BEGIN COLLECTED DATA
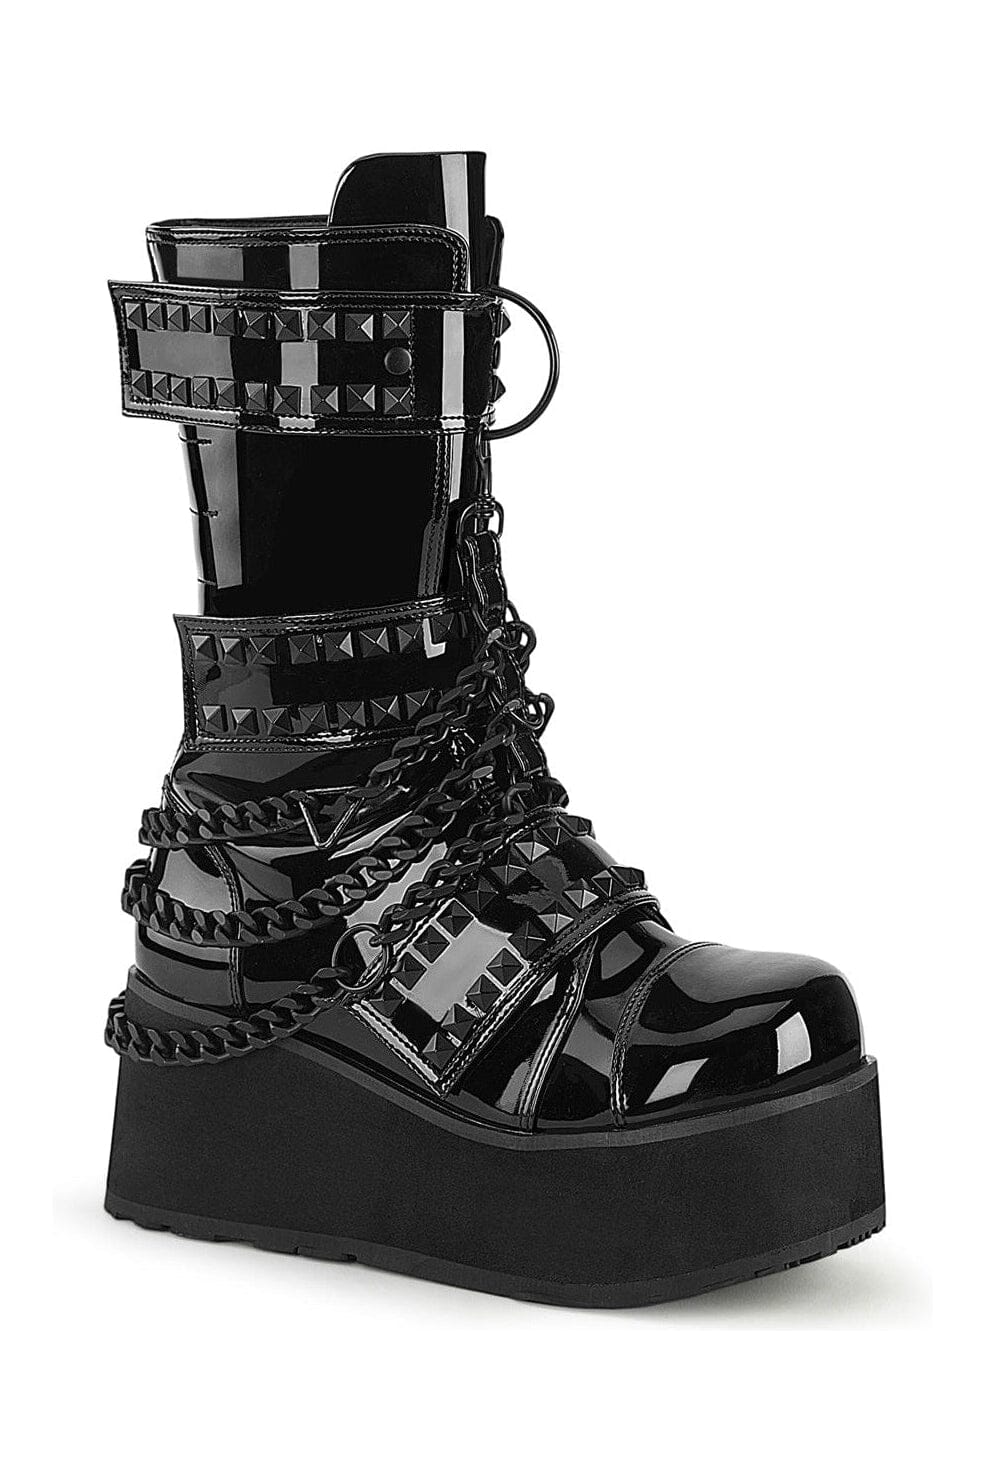 TRASHVILLE-138 Black Patent Knee Boot-Knee Boots-Demonia-Black-10-Patent-SEXYSHOES.COM
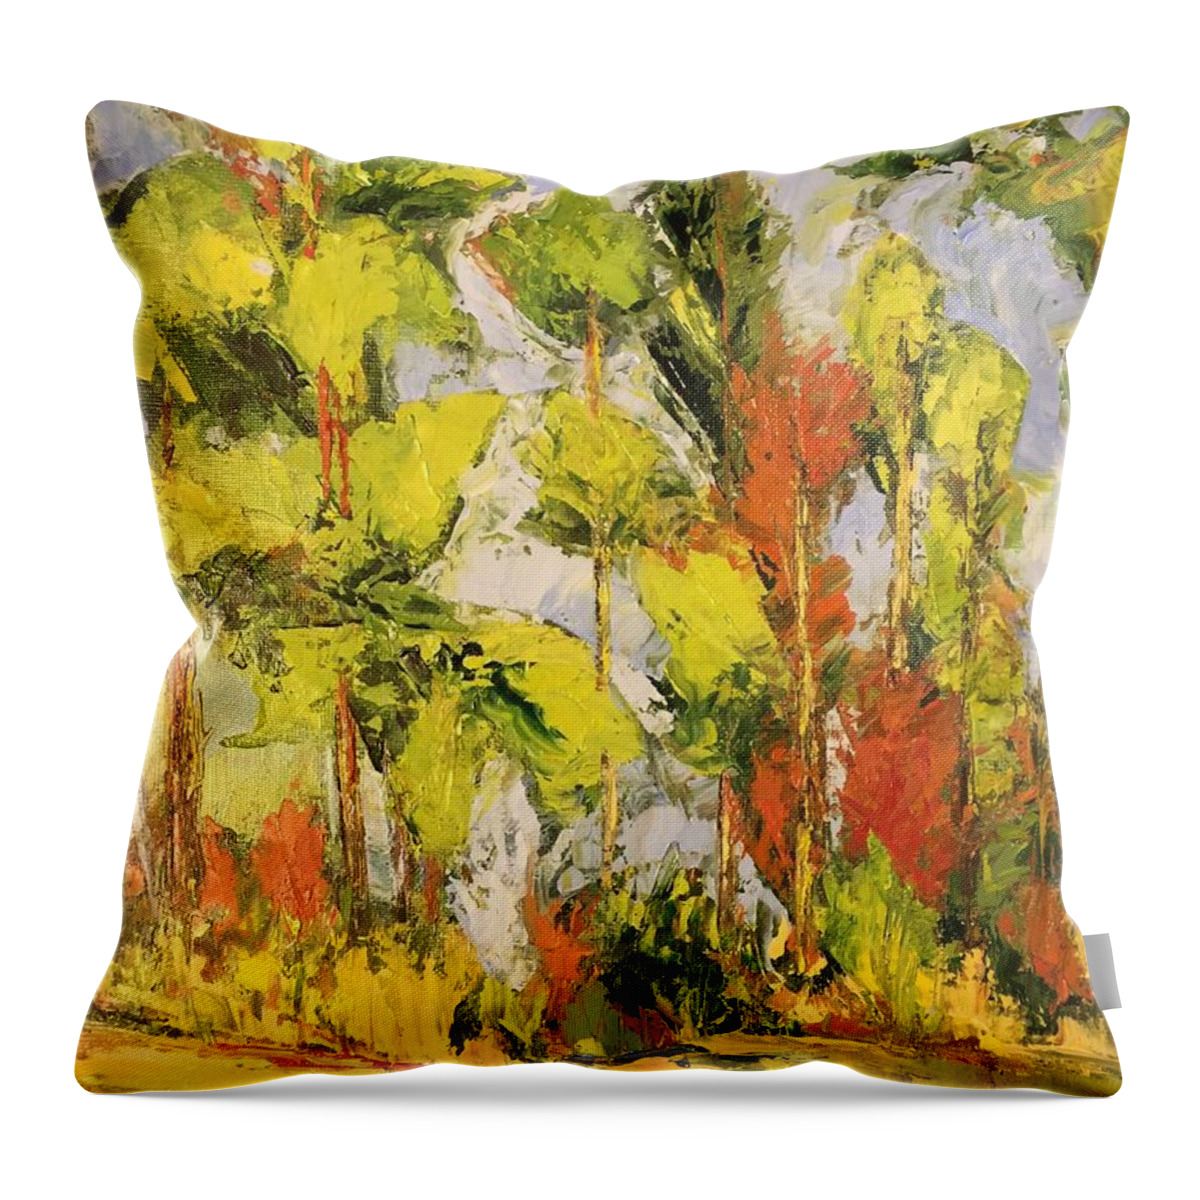 Landscape Throw Pillow featuring the painting Cezanne's Trees by Celeste Drewien
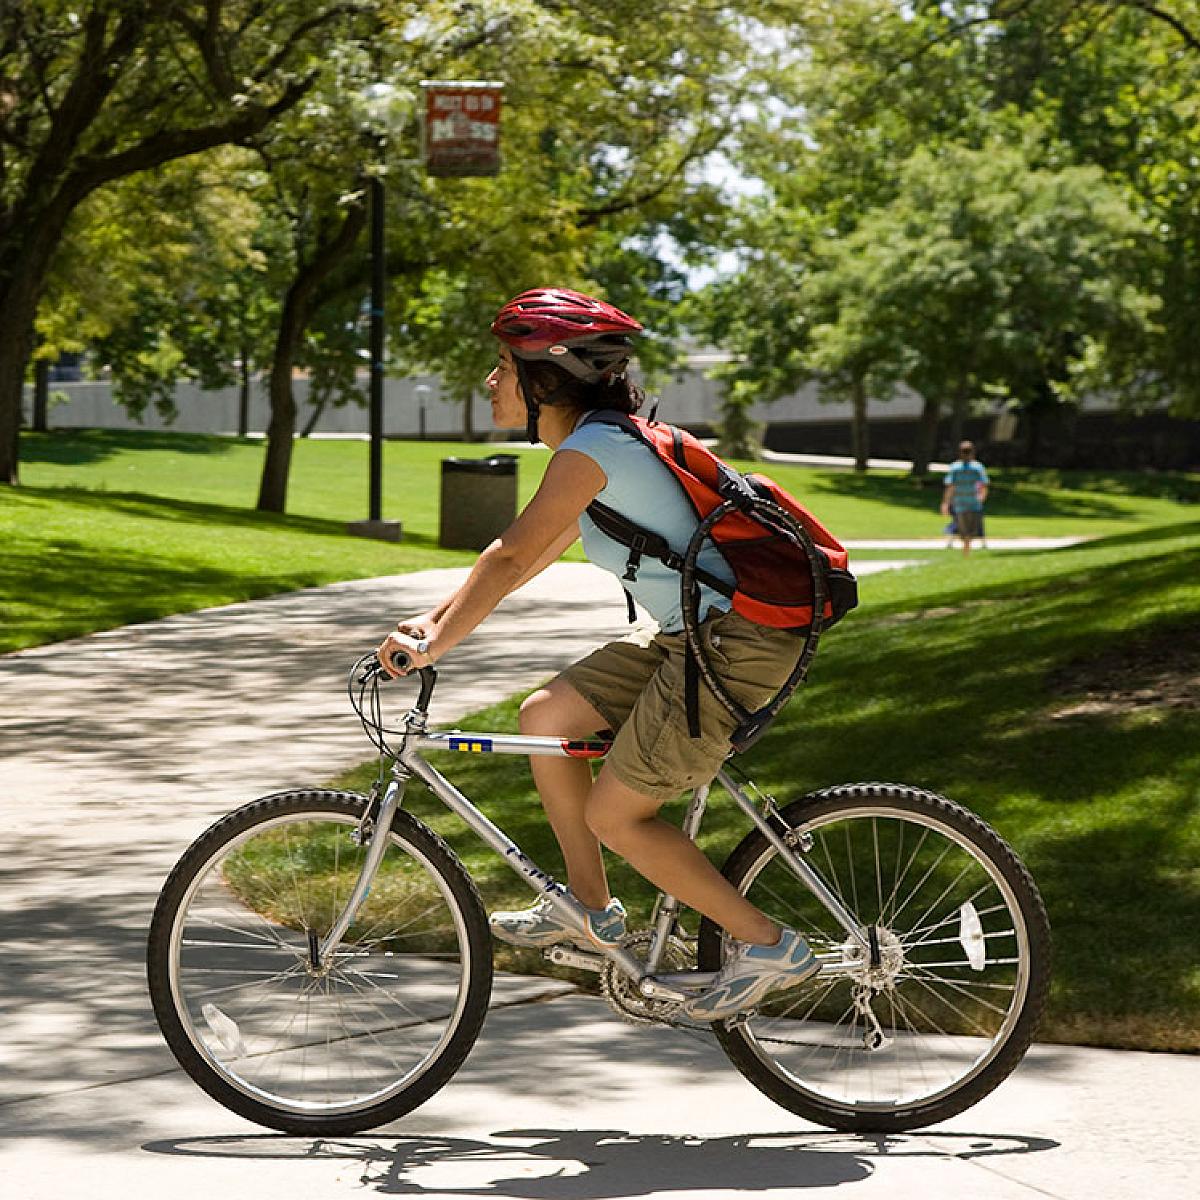 Student on a bike rides across U of U campus.
END COLLECTED DATA
#### WORK INSTRUCTIONS
Only the lines from the line with "Landscape Throw Pillow" through the final line of the material belong in the answer, copied exactly and without pictures.

#### TASK SOLUTION
 Landscape Throw Pillow featuring the painting Cezanne's Trees by Celeste Drewien
 Student on a bike rides across U of U campus.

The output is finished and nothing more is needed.